Talvez a pretensão do livro de ser uma história sem começo nem fim tenha sido frustrada, pois na verdade tem uma certa lógica interna, e sabe, de certa maneira, a direção em que está seguindo e a história que quer contar. Mas é interessante na abordagem de que fatos ocorridos a terceiros desconhecidos no passado podem influenciar nas nossas vidas presentes. Lembrei-me nesse aspecto de A Terra Inteira e o Céu Infinito, de Ruth Ozeki, já comentado neste blog. Mas o diário de Imp ao final do livro, depois do fim da narrativa, demonstra que a vida segue imprevisível e com um fim desconhecido. 

"Cada vez mais começo a entender como as histórias de Saltonstall e de A Menina Submersa são parte integrante da minha vida (...), mesmo que eu não afirme que seja verdadeiramente o início das coisas que aconteceram. Não em sentido objetivo. Se eu fizesse isso, estaria fugindo da questão. Será que o início foi a primeira vez que vi o quadro, no meu décimo primeiro aniversário, ou foi a criação de Saltonstall, em 1898? Ou seria melhor começar com a construção da represa, em 1886? Instintivamente continuei procurando por esse tipo de começo..."



Um reflexo da dicotomia paranóia/racionalidade da narradora faz ela tomar para si o conceito desenvolvido por Ursula K. Le Guin, autora do excelente A Mão Esquerda da Escuridão, de verdadeiro e real. Verdadeiro no caso é tudo o que se passa na cabeça da narradora, todas a imagens que ela vê, mas que ela sabe que não é real pela lógica. Lembrei-me de John Nash, em Uma Mente Brilhante, que reconhece a impossibilidade da existência de seu amigo mais íntimo e da sobrinha deste pelo não envelhecimento da menininha. Então me pergunto: seriam todos os esquizofrênicos capazes de procurar padrões que denunciem a irrealidade da sua alucinação? No caso, para Imp, há os fatos verdadeiros, mas não reais, e os fatos verdadeiros e reais.
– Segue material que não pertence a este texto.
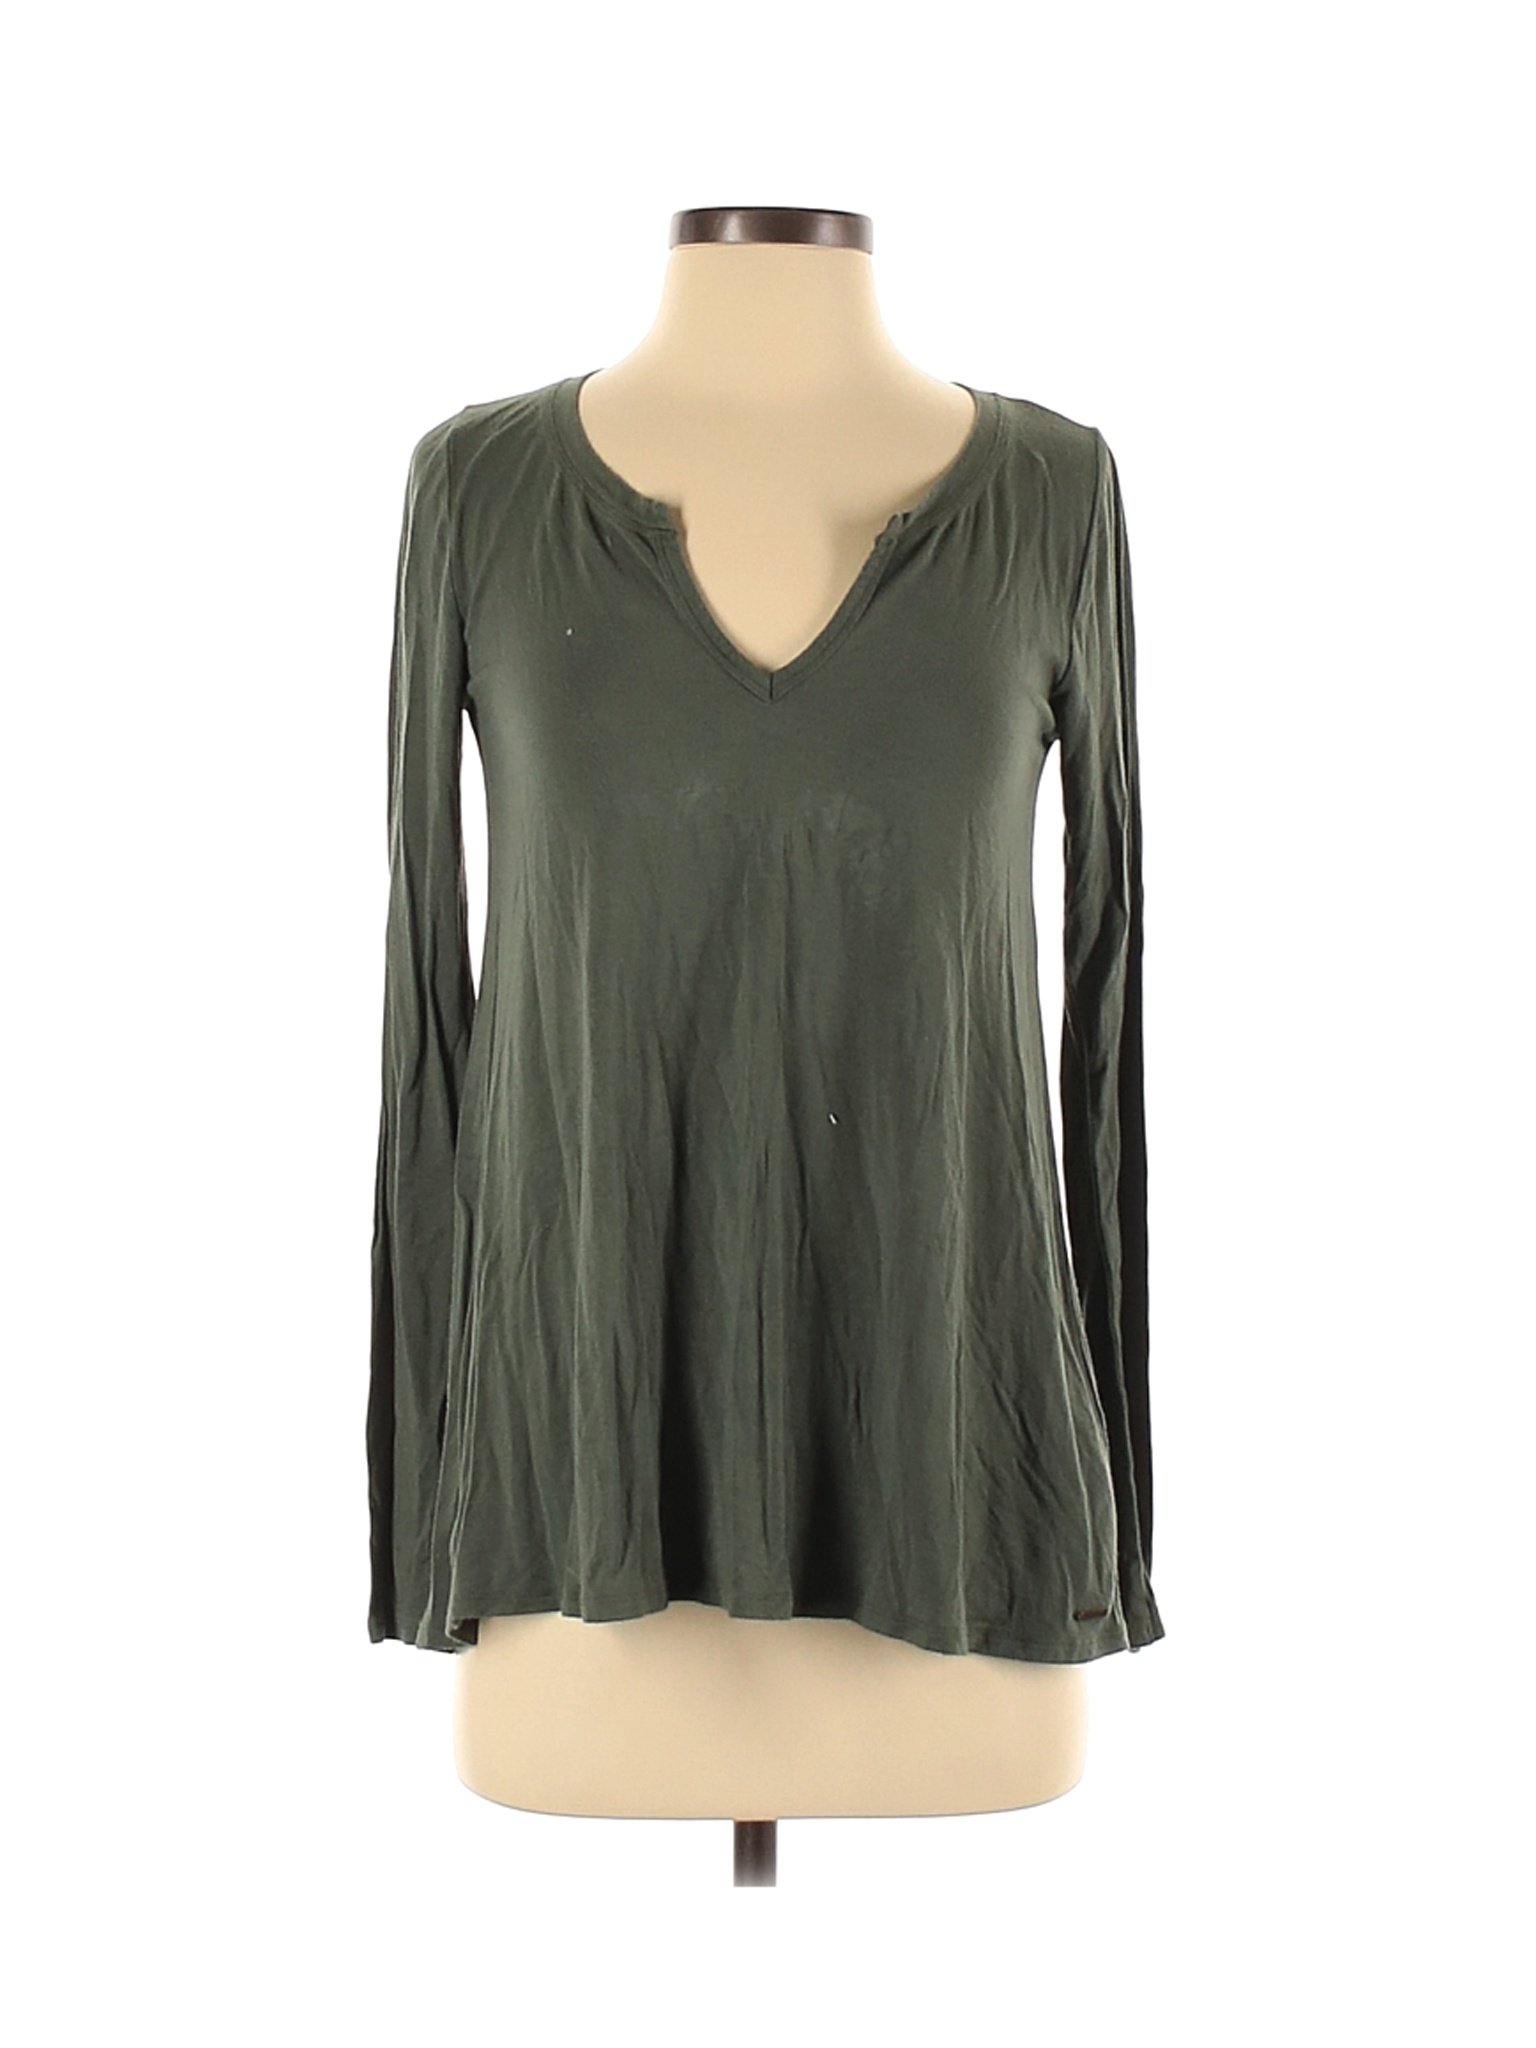 Hollister Women Green Long Sleeve T-Shirt S | eBay

A partir desses conceitos de verdade e de realidade, começo aqui a fazer minhas ressalvas (pois nem tudo são flores e não há perfeição nesse mundo!). Acredito que essa lógica tenha sido um ponto forte do livro - visto que conferiu uma densidade surpreendente à narrativa sem que esta soe verborrágica (com excessão do insólito capítulo 7, narrado durante um surto psicótico em um fluxo de consciência genial); mas também foi o seu ponto fraco, quando pensamos que uma narradora suspeita que não sabe que é suspeita é muito mais instigante, principalmente para um amante da literatura de William Faulkner como eu (vem na minha cabeça a narração da Srta. Rosa Coldfield em Absalão, Absalão!, e seu ódio contra Thomas Supten, o protagonista desse livro, cujo ponto de vista nunca ficamos sabendo por vias diretas). No caso, Imp narra fatos para depois corrigi-los e acrescentar camadas, e depois desmistificá-los e então compreender que eles nunca existiram. Claro que é muito interessante, e é fiel com a característica da esquizofrenia dela, mas infelizmente é uma via de mão dupla. A maior força do livro é sua maior fraqueza também. Mas no panorama geral da obra, isso é um pecadilho dessa obra-prima.  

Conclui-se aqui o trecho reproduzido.